William Mayrant was elected in 1814 as a Democratic-Republican to the Fourteenth Congress and served until his resignation on October 21, 1816 (March 4, 1815-October 21, 1816). He was elected to his first and only term as a member of the US House of Representatives, from his home at Stateburg, near what is now Sumter. He represented South Carolina's 9th congressional district. Mayrant voted in favor of the Tariff of 1816, which most southerners opposed because they believed it placed them at a financial disadvantage by unfairly raising prices on northern and European made finished goods, while lowering the price of southern raw materials, especially cotton. As a result of this vote, Mayrant lost his 1816 bid for reelection. He resigned before the completion of his first term. Though his name was placed on the ballot again for the election of 1816, he was an unsuccessful candidate for reelection. Mayrant was succeeded by Nullifier Stephen Decatur Miller, who advocated tariff repeal.
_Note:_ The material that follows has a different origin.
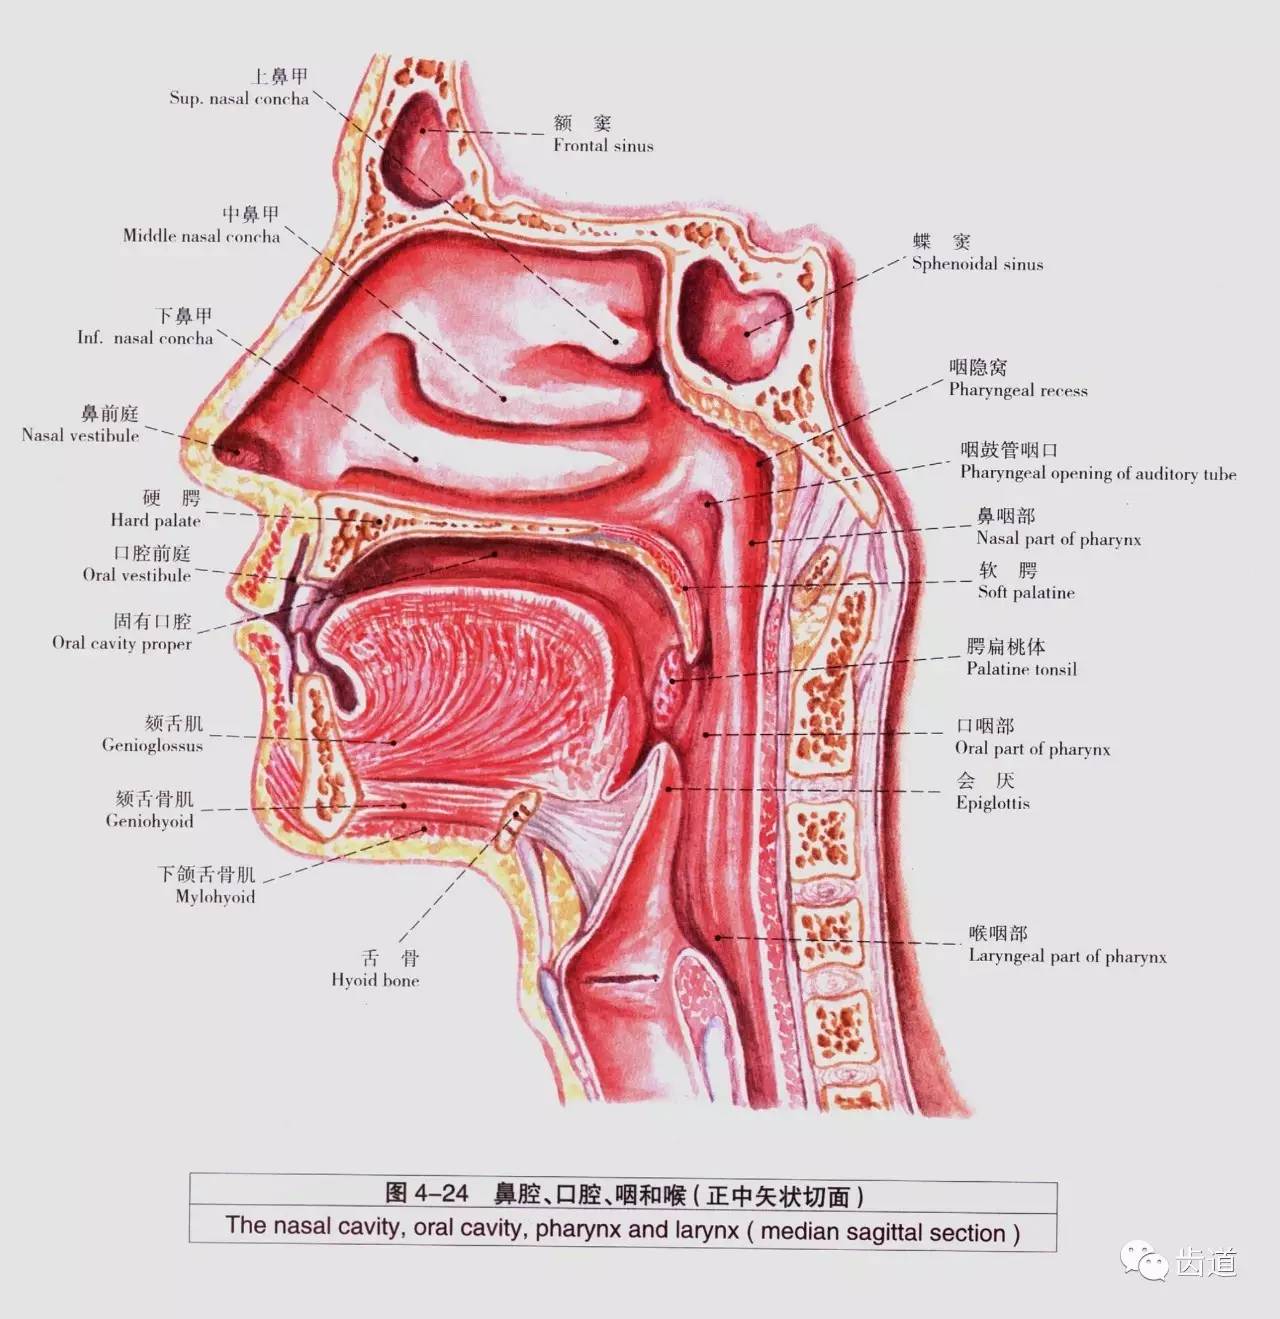 来源:《口腔颌面颈部局部解剖学》黄春梅女士 18225033872(也是微信号

After leaving Congress, Mayrant returned to his business and plantation interests. He also served as member of the South Carolina House of Representatives from 1818 to 1821.

Born at Charleston, to a prominent family from South Carolina, William Woodrop Mayrant was the son of John Mayrant and Ann Woodruff or Woodrup. Soon after the American Revolution, Mayrant studied law and became an attorney. He was a successful businessman and plantation owner, with interests in rice farming and one of South Carolina's first textile factories. Mayrant held the rank of Colonel in the South Carolina militia. After his 1787 marriage to Ann Richardson Mayrant (1771-1840) he established a Stateburg home he called "Ararat" which subsequent owners renamed "Argyle House". He later owned and operated a plantation called "High Hills".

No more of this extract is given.